━━━ Data for this task ━━━
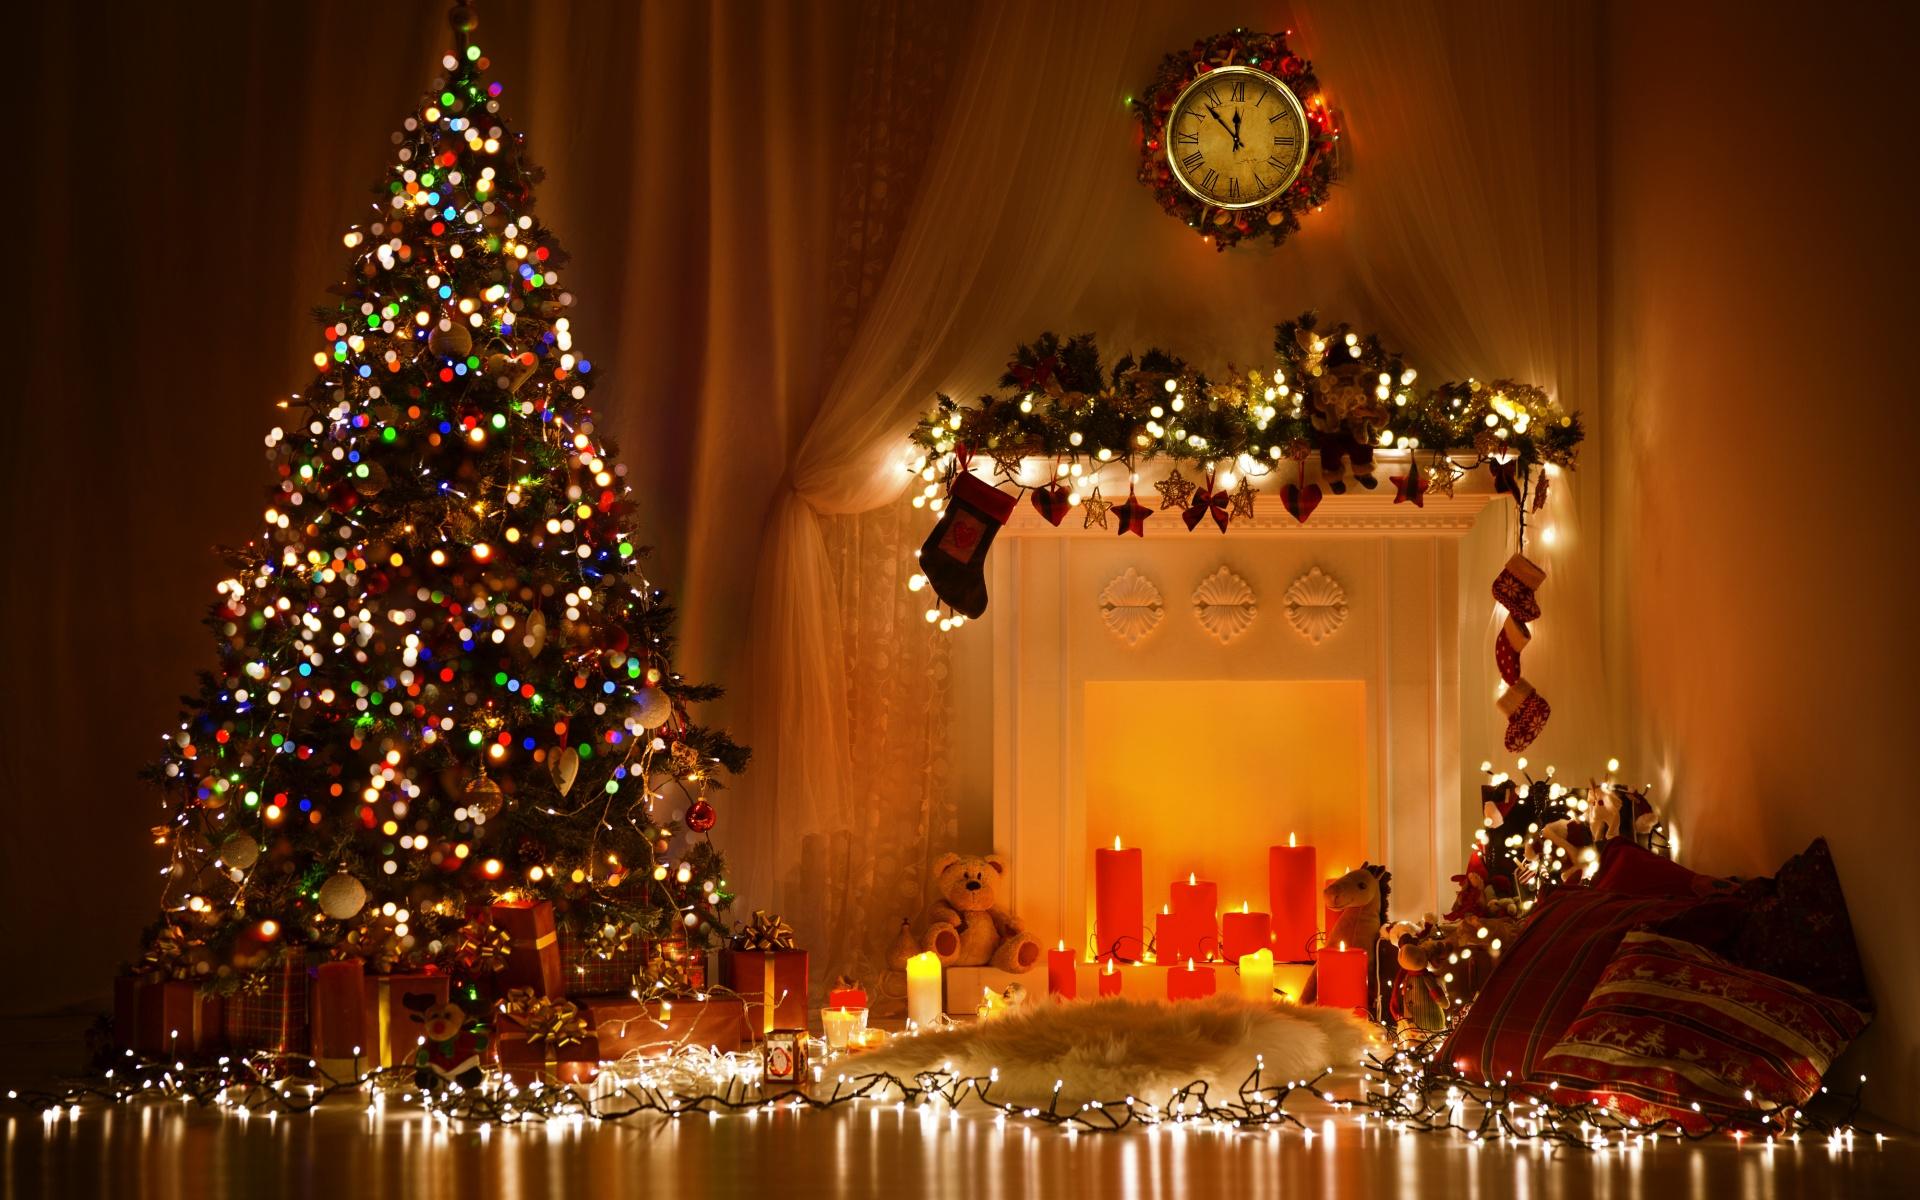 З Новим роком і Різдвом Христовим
━━━
━━━ Data for this task ━━━
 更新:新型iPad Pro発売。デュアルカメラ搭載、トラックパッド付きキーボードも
━━━
━━━ Data for this task ━━━
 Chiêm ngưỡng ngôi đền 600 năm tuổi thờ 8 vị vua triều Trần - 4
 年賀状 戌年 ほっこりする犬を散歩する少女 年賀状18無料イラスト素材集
━━━
Task instructions: Only the lines above from the line with "Chiêm ngưỡng ngôi" to the line with "年賀状 戌年 ほっこりする犬を散歩する少女 年賀状18無料イラスト素材集", those two lines included, should be reproduced exactly.

Finished task:
 Chiêm ngưỡng ngôi đền 600 năm tuổi thờ 8 vị vua triều Trần - 4
 年賀状 戌年 ほっこりする犬を散歩する少女 年賀状18無料イラスト素材集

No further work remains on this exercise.